───── Records shown
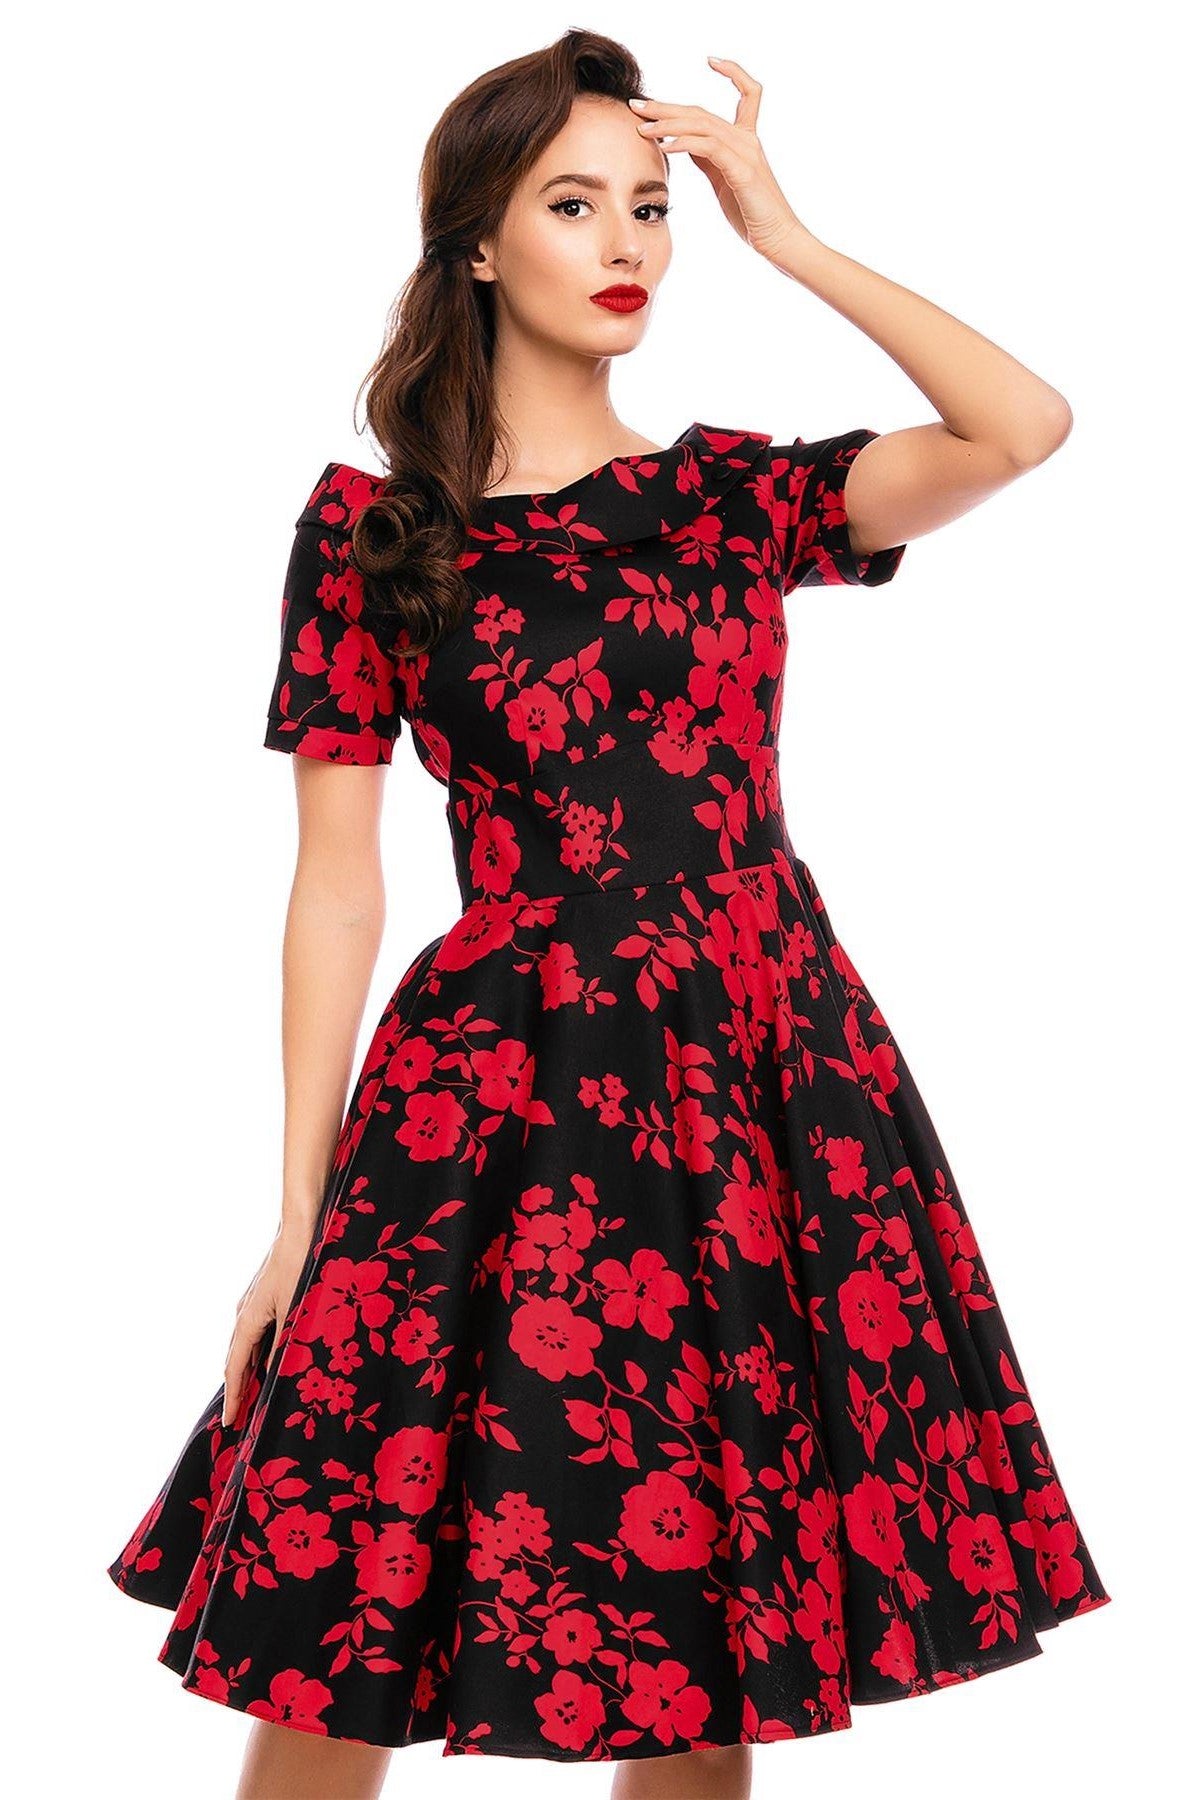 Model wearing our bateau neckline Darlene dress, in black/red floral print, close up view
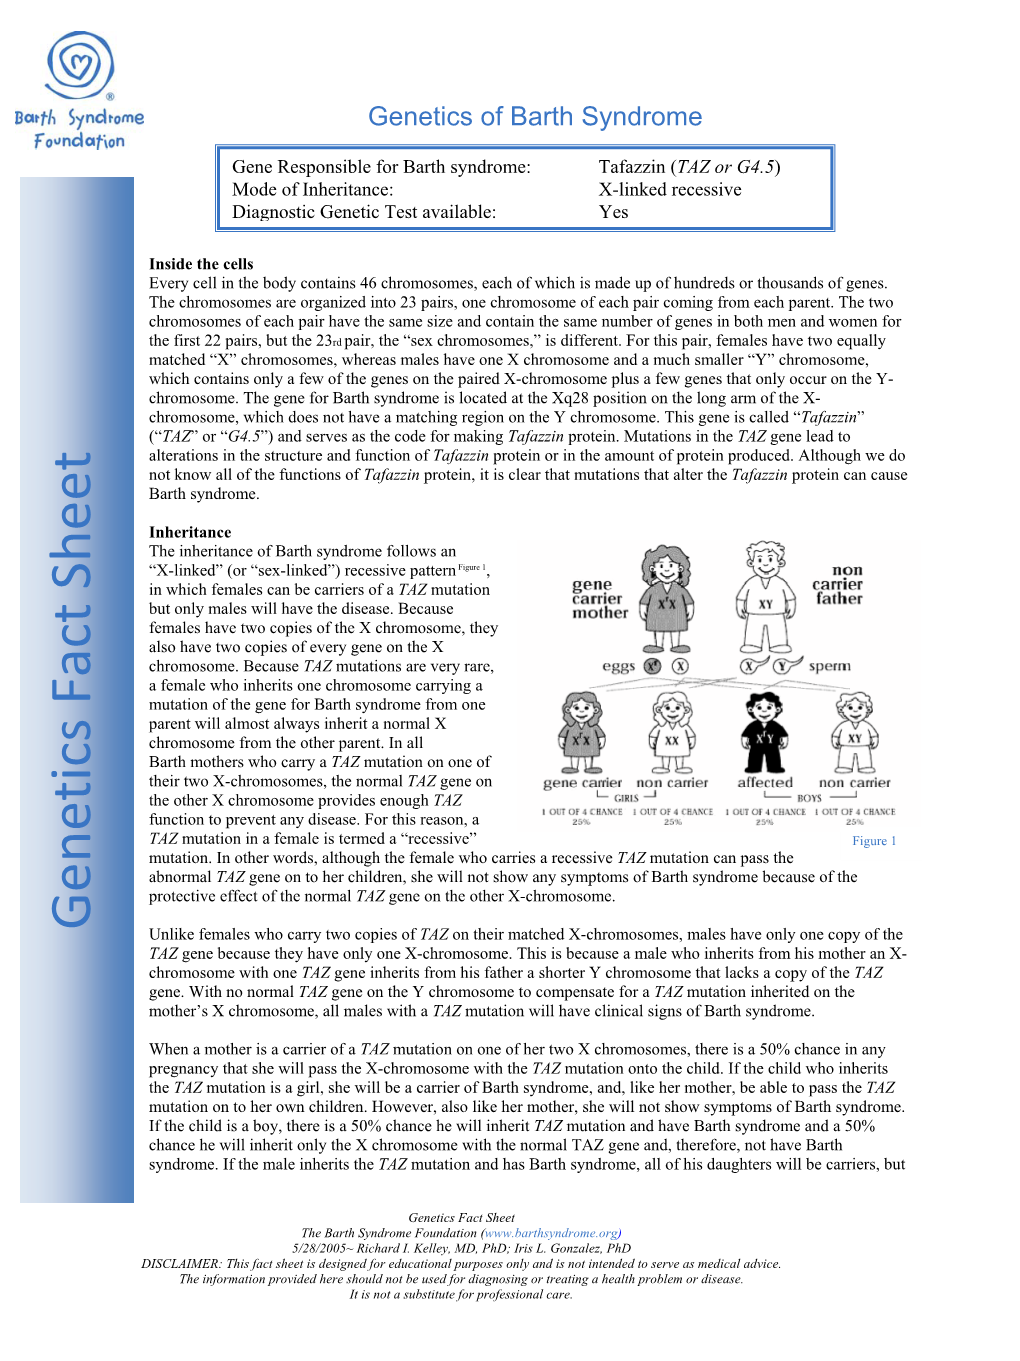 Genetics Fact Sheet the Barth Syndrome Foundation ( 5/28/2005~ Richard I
──────────
───── Records shown
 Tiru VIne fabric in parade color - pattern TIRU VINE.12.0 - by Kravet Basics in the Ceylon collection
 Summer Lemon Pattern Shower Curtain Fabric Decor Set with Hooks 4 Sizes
──────────
───── Records shown
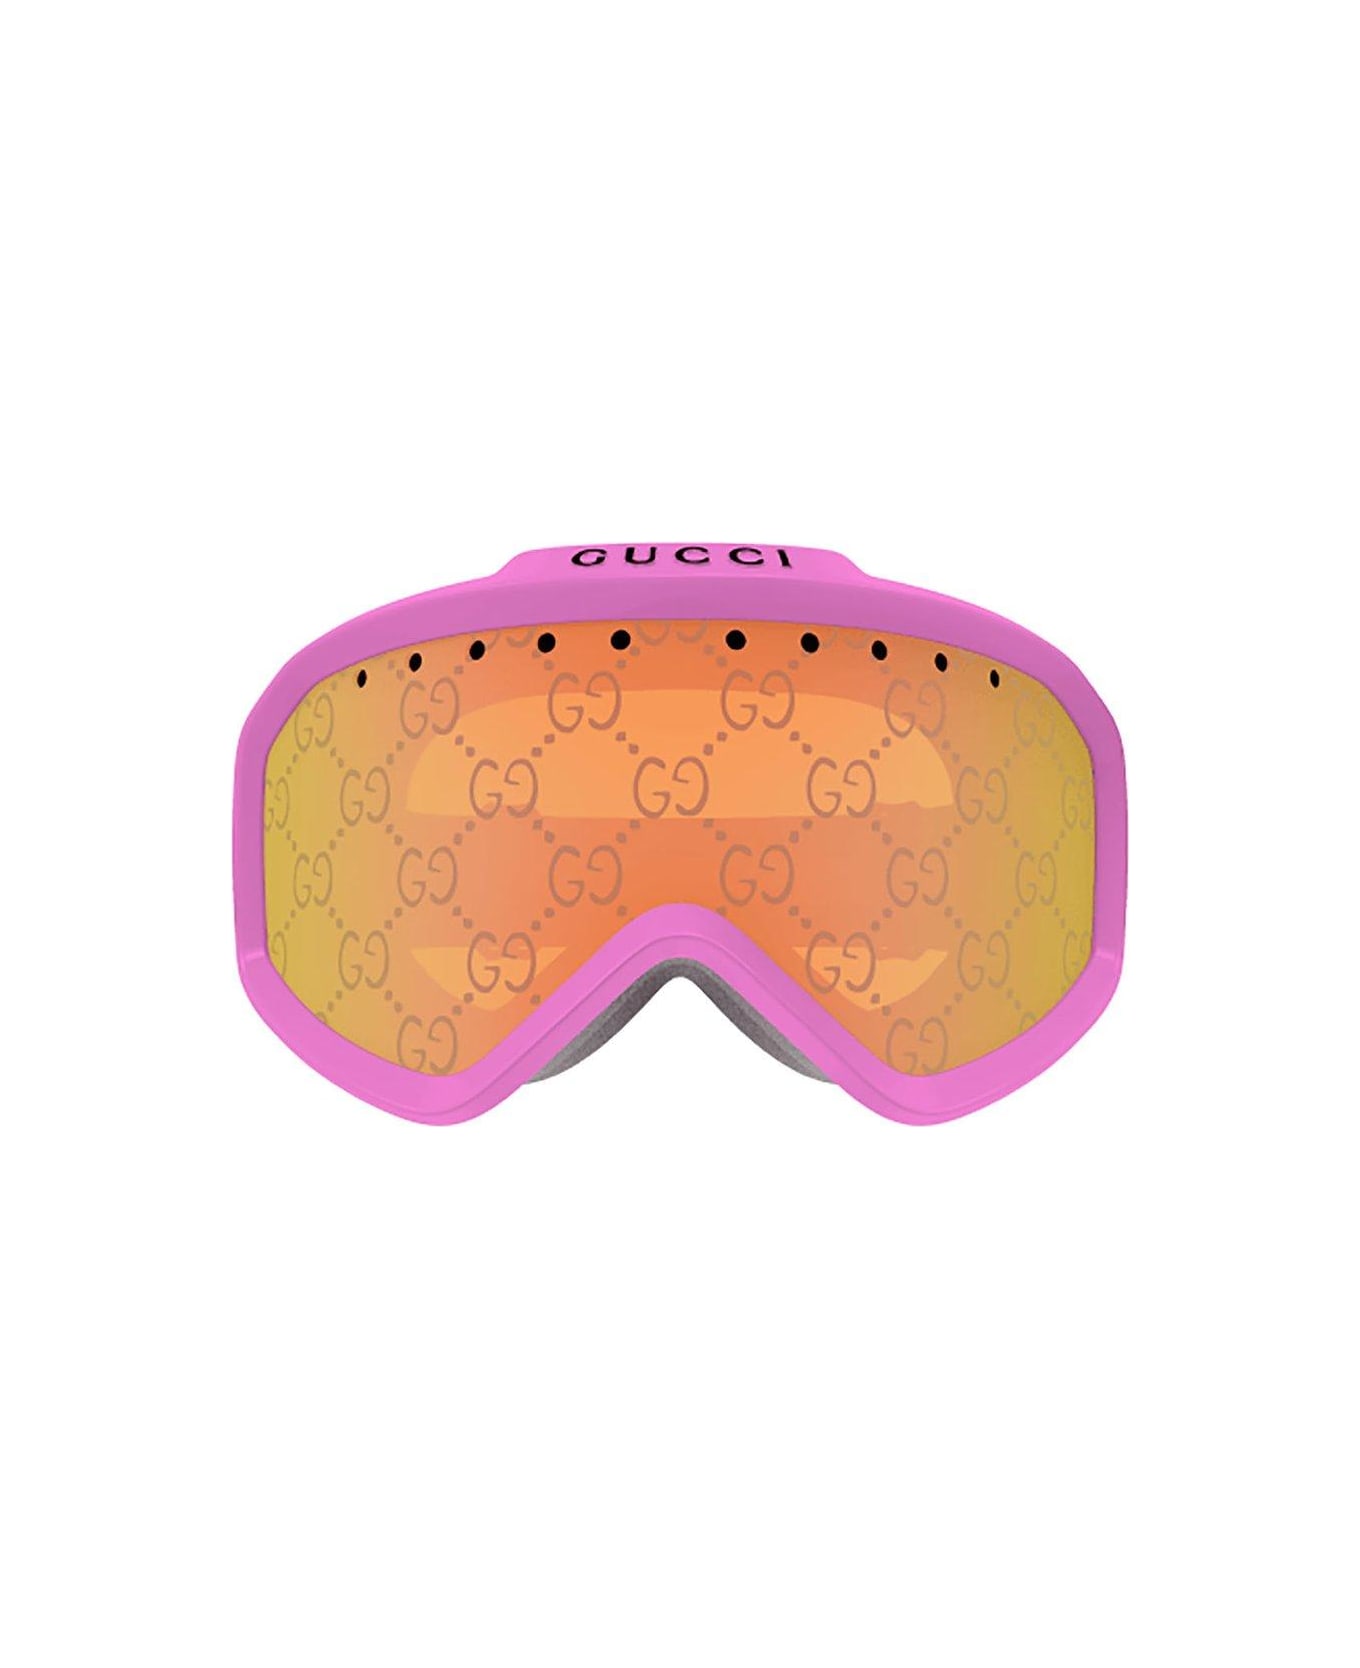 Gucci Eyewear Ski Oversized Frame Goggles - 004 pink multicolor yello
──────────
Drop the pictures; return the lines above from the line containing "Model wearing our" to the line containing "Genetics Fact Sheet", both included, exactly.

 Model wearing our bateau neckline Darlene dress, in black/red floral print, close up view
 Genetics Fact Sheet the Barth Syndrome Foundation ( 5/28/2005~ Richard I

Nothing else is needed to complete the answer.